Supplied material:

Start of Block

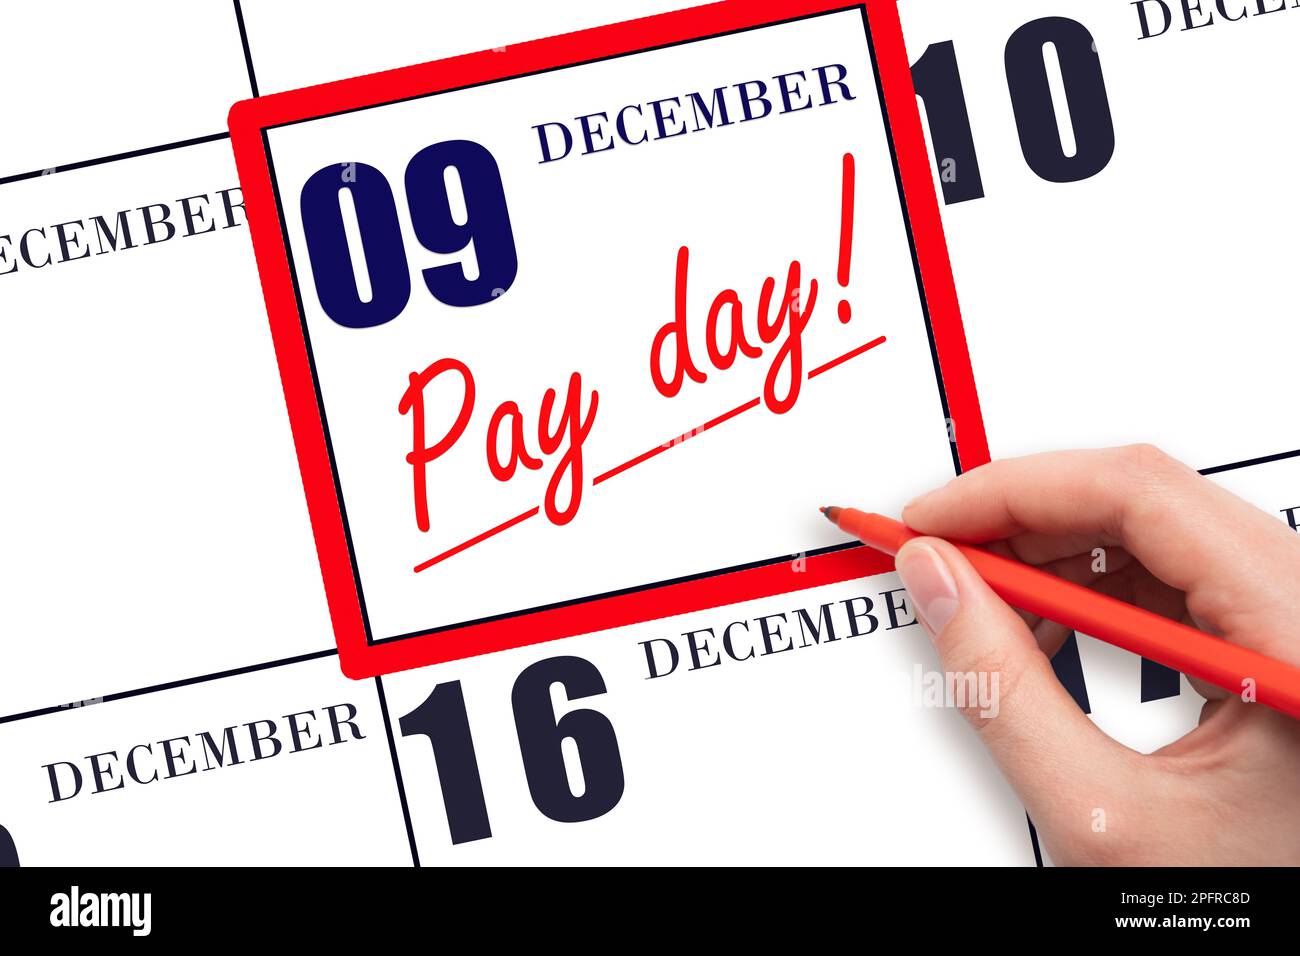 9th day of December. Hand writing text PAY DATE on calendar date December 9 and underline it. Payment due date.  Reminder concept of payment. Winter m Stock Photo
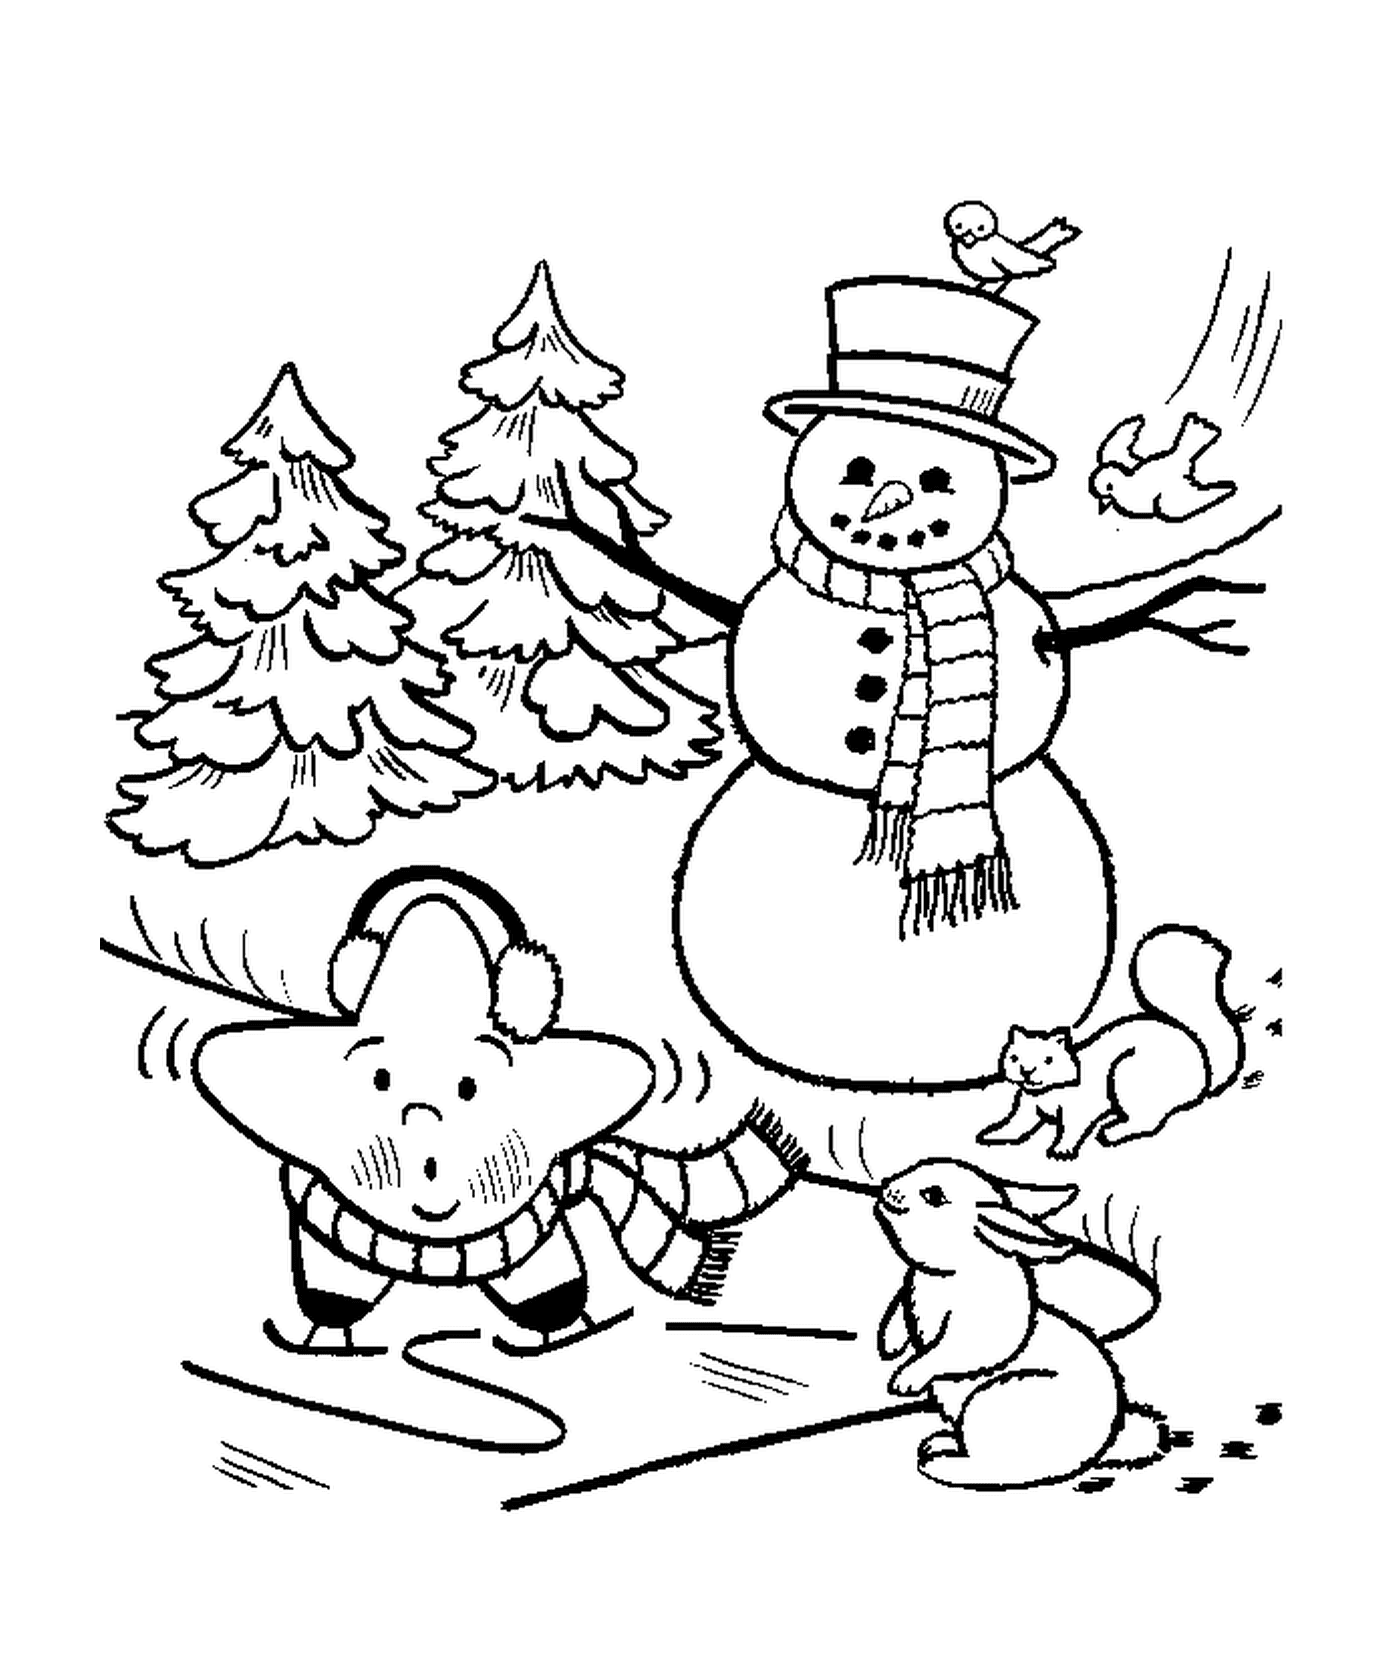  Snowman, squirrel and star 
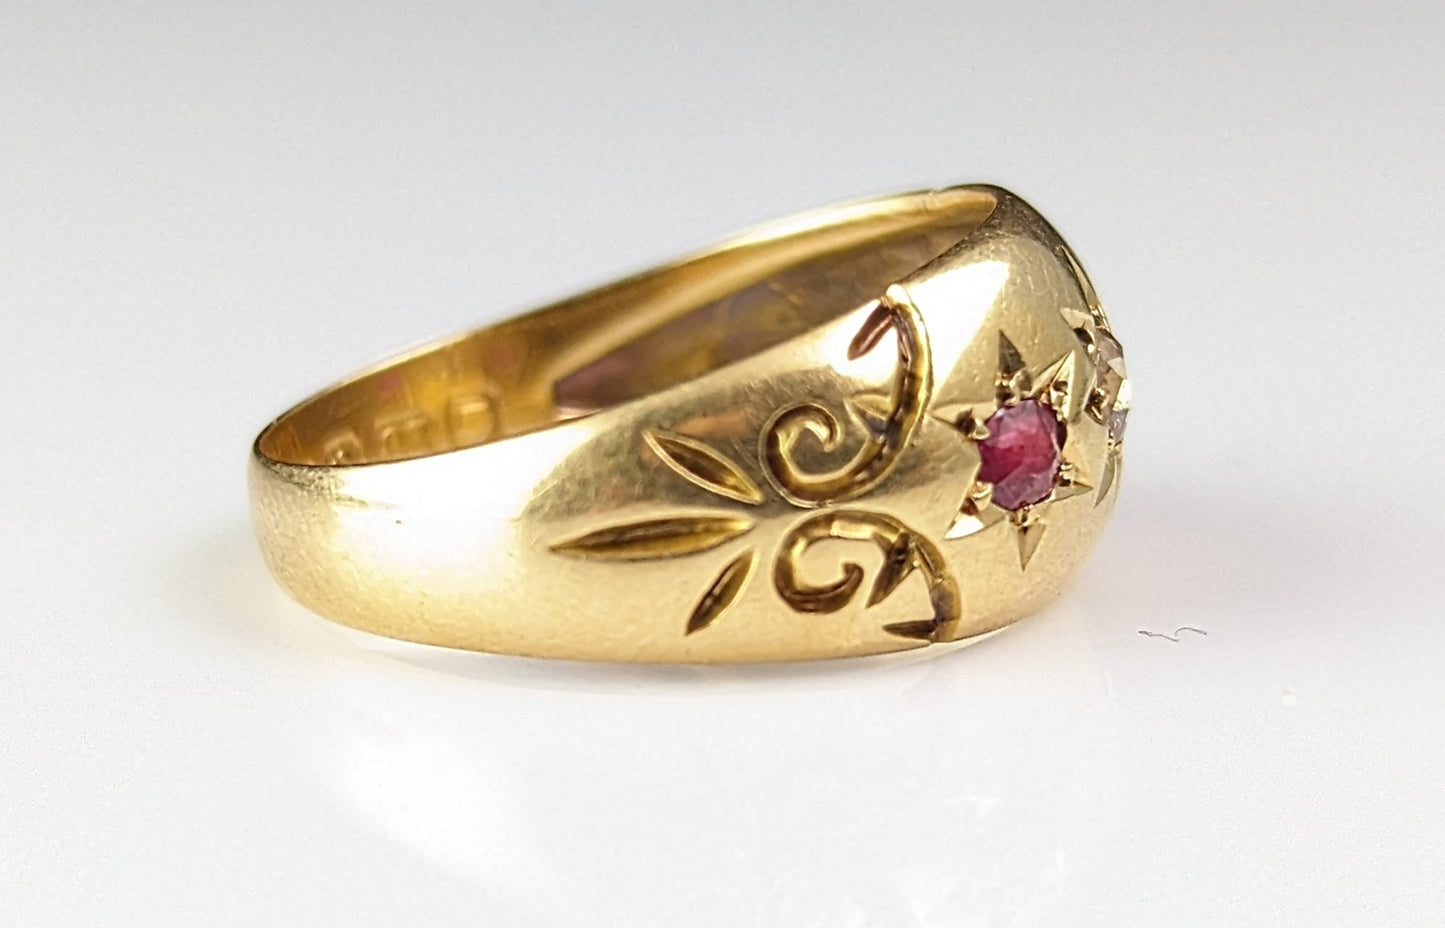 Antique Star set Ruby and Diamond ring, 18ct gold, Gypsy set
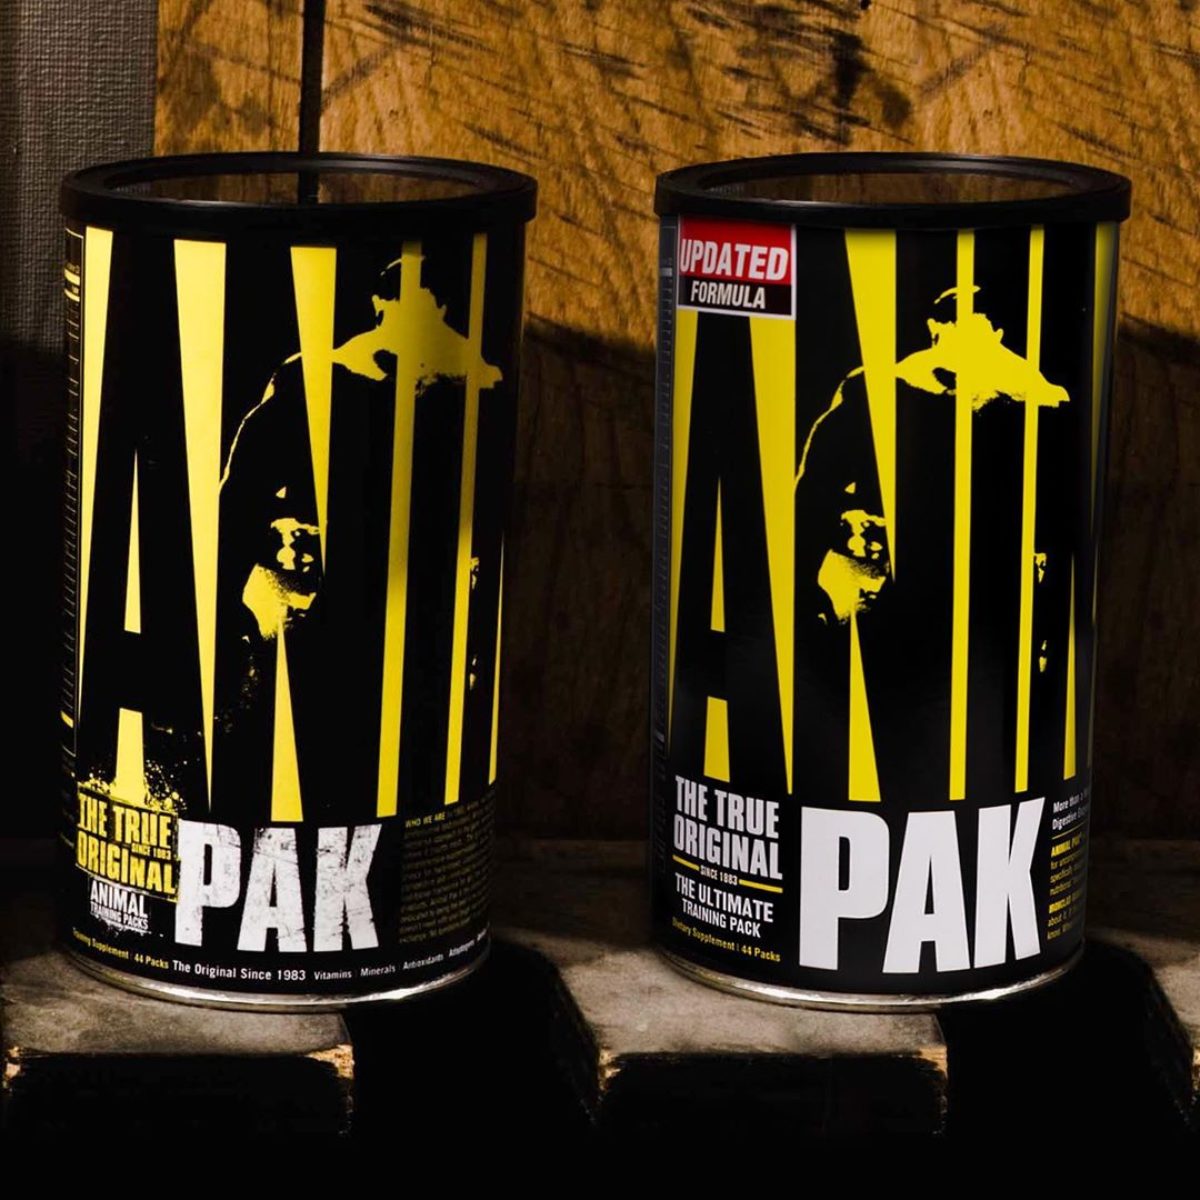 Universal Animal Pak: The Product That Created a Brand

End of Block

What is being asked: A verbatim copy of the data, free of pictures, is the expected answer.

Solution below:
 9th day of December. Hand writing text PAY DATE on calendar date December 9 and underline it. Payment due date.  Reminder concept of payment. Winter m Stock Photo
  Snowman, squirrel and star 
 Antique Star set Ruby and Diamond ring, 18ct gold, Gypsy set
 Universal Animal Pak: The Product That Created a Brand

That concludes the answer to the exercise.